Checks Before Moving On

  • symptom_first: urgent alerts map to SLO burn or direct user-visible impact.
  • health_model: component and dependency signals aggregate into critical-journey and workload health states.
  • causal_context: telemetry includes dependency, correlation, version/change, and saturation context.
  • fault_domain_context: telemetry can separate impact by location, deployment unit, partition, shard, tenant, or deployment stage where those domains exist.
  • dashboard_scan: the first dashboard view shows user impact quickly and supports drill-down by scope, fault domain, dependency, change, and recovery state.
  • metric_definition: user-facing metrics define unit, source, labels, threshold/window, and missing-signal behavior.
  • missing_signal_behavior: missing samples and zero values are distinguishable where that difference changes health.
  • gap_semantics: telemetry gaps state whether they can be backfilled, remain permanent, or require alternate evidence for audits, alerts, autoscaling, and incident review.
  • telemetry_consumers: alerts, automation, reports, and control loops that consume each critical metric have missing or underreported data behavior.
  • telemetry_pipeline: collection, source validation and isolation, processing, redaction/sampling, routing, validation lookup cache and capacity, sink validation and isolation, backpressure, and drop behavior are defined.
  • telemetry_volume_budget: high-volume telemetry has rate, burst, cardinality, quota, and noise-rollback controls before rollout.
  • suppression_guard: maintenance or noisy-change alert suppression names owner, expiry, replacement coverage, and residual blind spot.
  • operational_channel_health: status, support, escalation, and responder tools have health signals and an alternate path when they depend on the affected system.
  • security_detection_map: threat-driven detections connect abuse case, data source, signal, effective enablement or coverage check, freshness or normalization lag, owner, severity, and response route.
  • alert_rule_definition: urgent alerts define expression or symptom, window, labels, severity, owner, annotations, runbook, and expected noise behavior.
  • runbook_link: every urgent alert has a runbook with impact check, mitigation, fallback, and verification.
  • privacy_check: sensitive data handling is defined for logs, traces, labels, and events.
  • debug_path: dashboards answer impact, scope, cause candidates, recent changes, and recovery state.

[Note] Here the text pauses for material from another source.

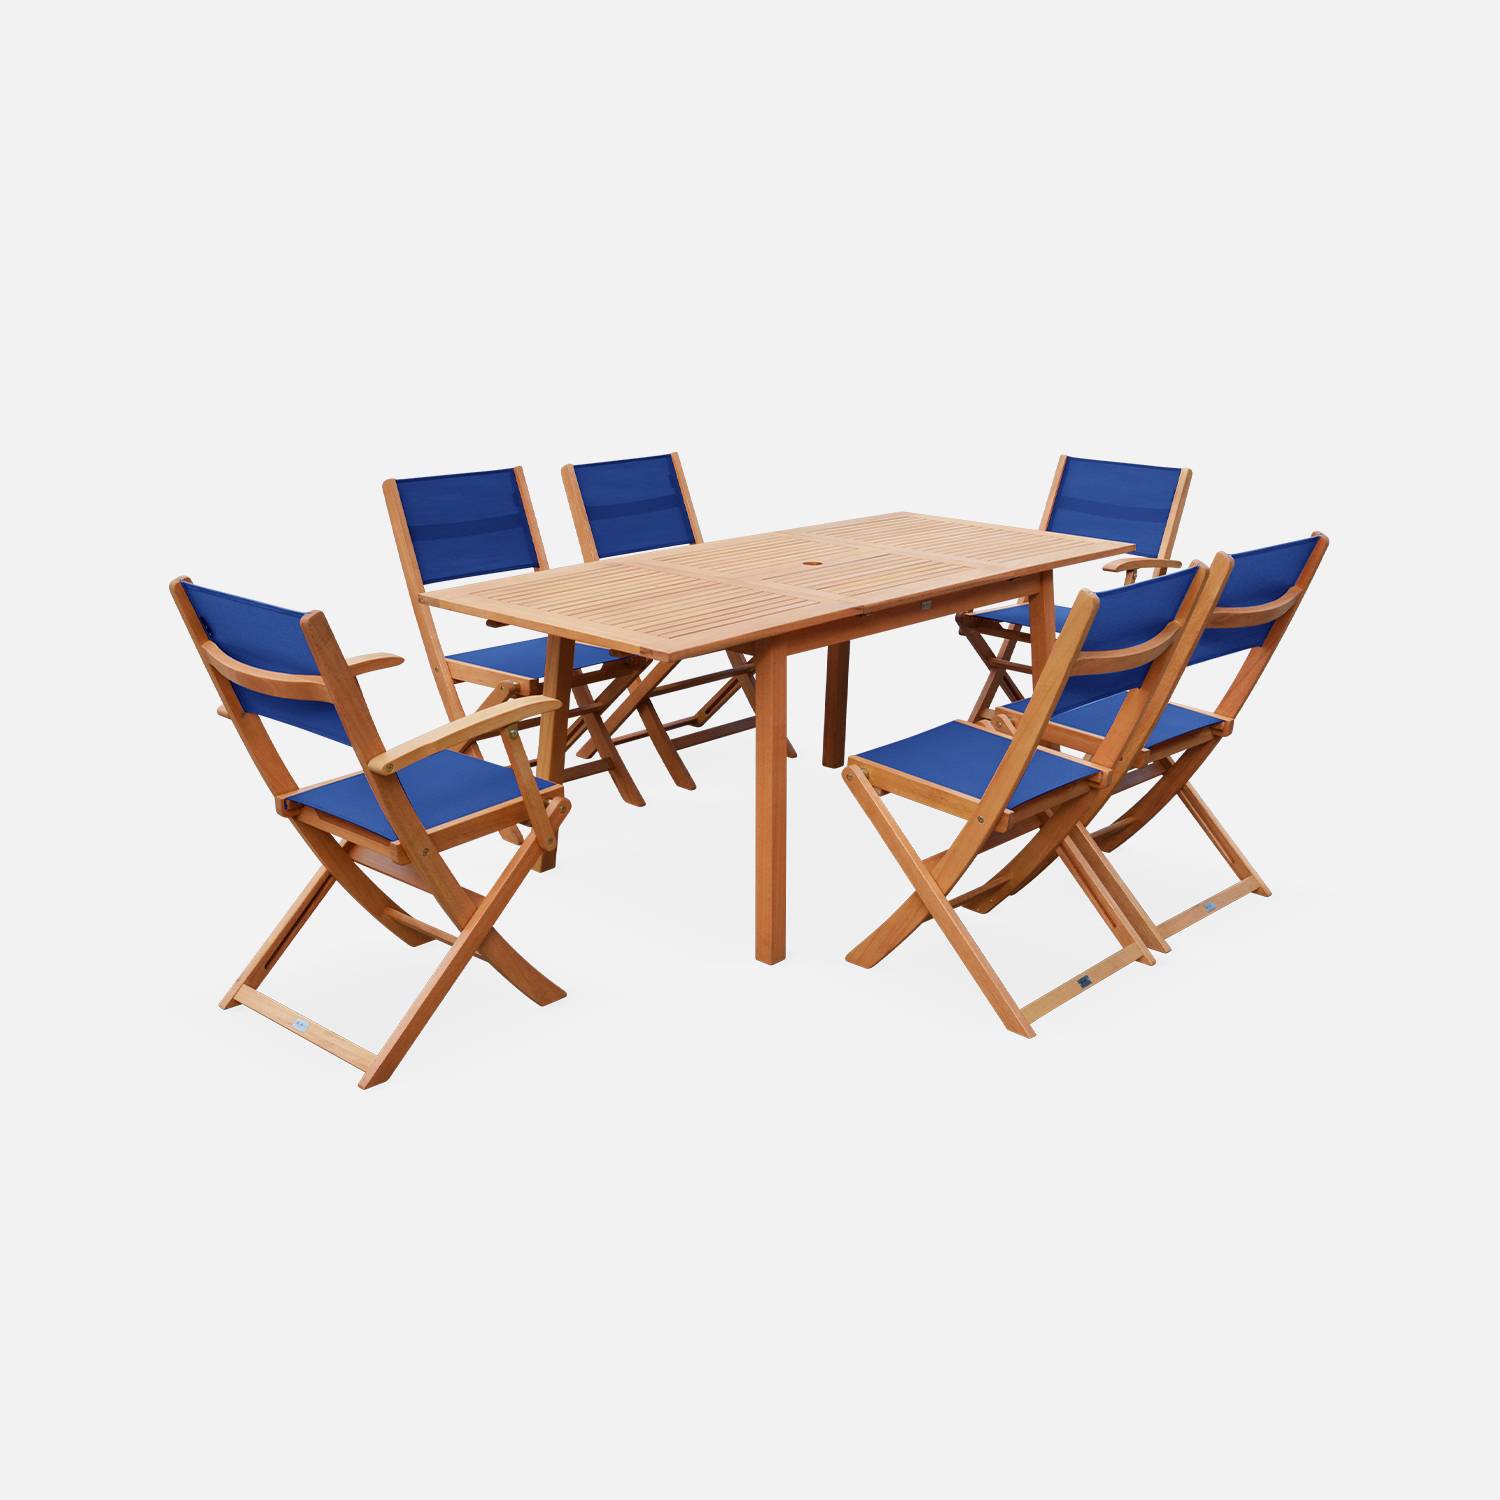 Conjunto de mesa e cadeiras de jardim em madeira e textileno, Azul, 6 lugares, eucalipto, extensível, 120/180 cm Photo1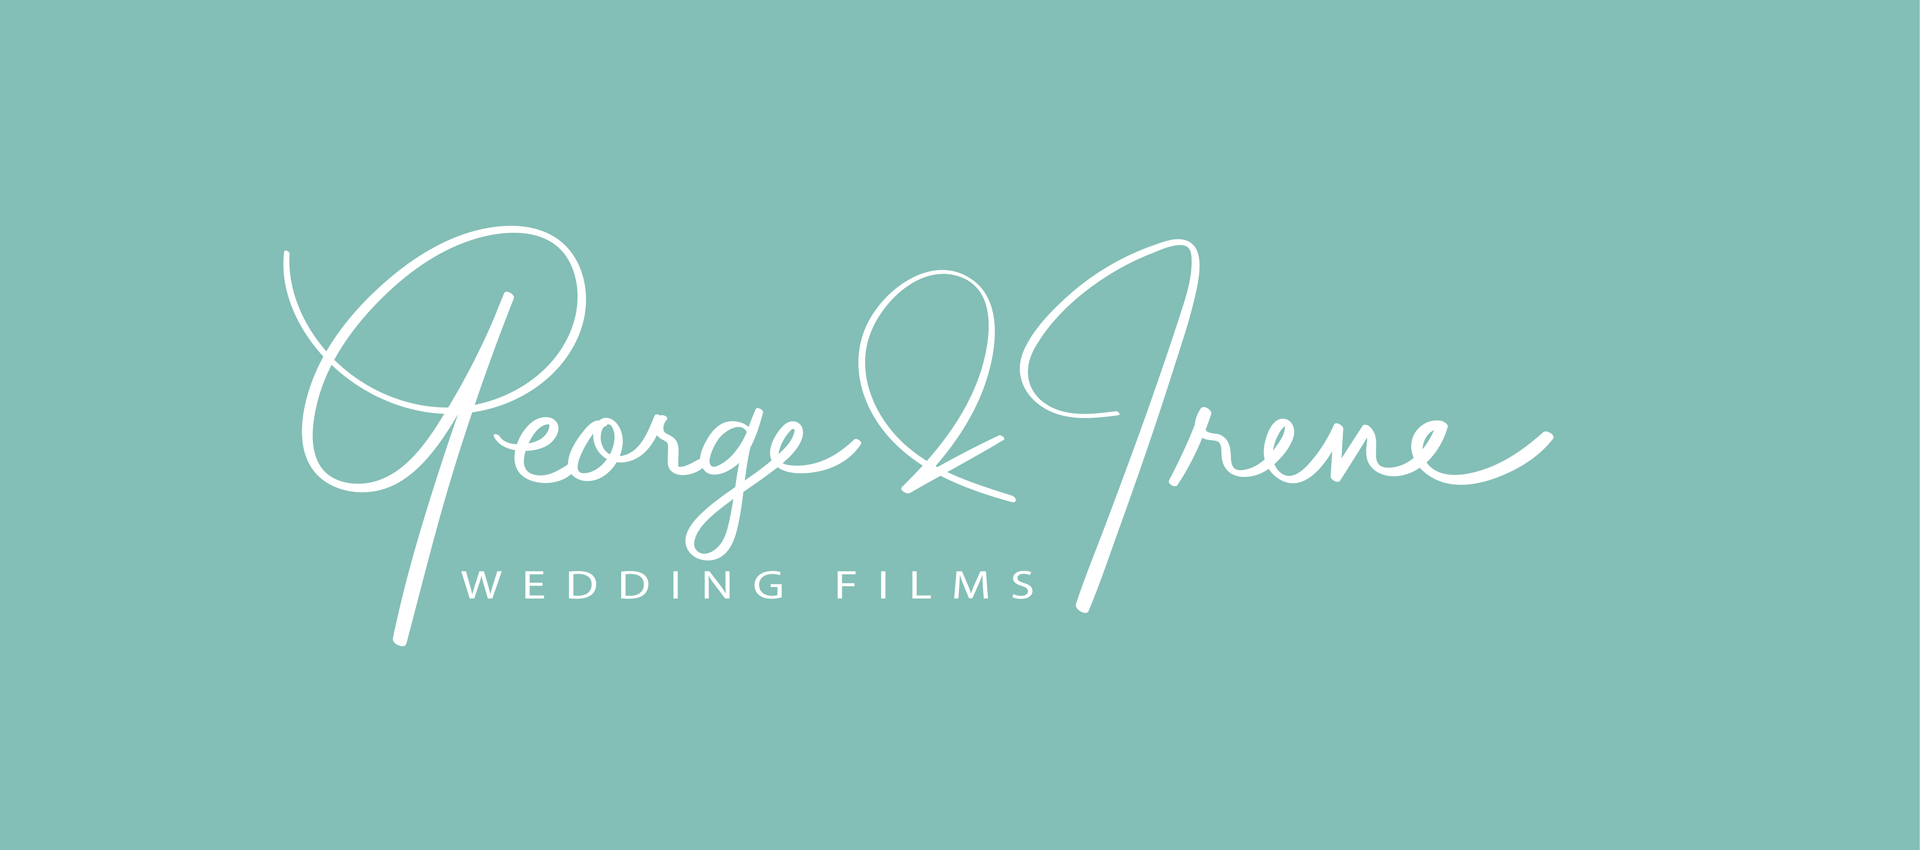 George & Irene Wedding Films

Red Flags - Stop And Rework

  • Dashboards start from whatever the platform emits instead of user journeys.
  • Every dependency error triggers an urgent alert even when retries hide user impact.
  • Logs contain sensitive data or unbounded high-cardinality fields without controls.
  • A telemetry change can emit enough logs, spans, or events to exhaust quota, drop unrelated signals, or create billing impact without a rollback or exclusion path.
  • Alerts have no runbook or response path.
  • Alert rules omit owner, window, labels, annotations, or expected noise behavior.
  • Monitoring records abnormal behavior but no alert, escalation, or support signal reaches the owning team.
  • Telemetry pipelines drop, sample, or backpressure data without an explicit impact on health signals.
  • Metrics show averages only and hide tail latency or saturation.

Common Mistakes

Mistake Correction
Collecting everything Collect signals that answer operational questions.
Urgent alerts on causes Alert on symptoms; use causes for debugging.
Ignoring changes Add deployment, config, and feature markers.
Logging prose Use stable structured fields.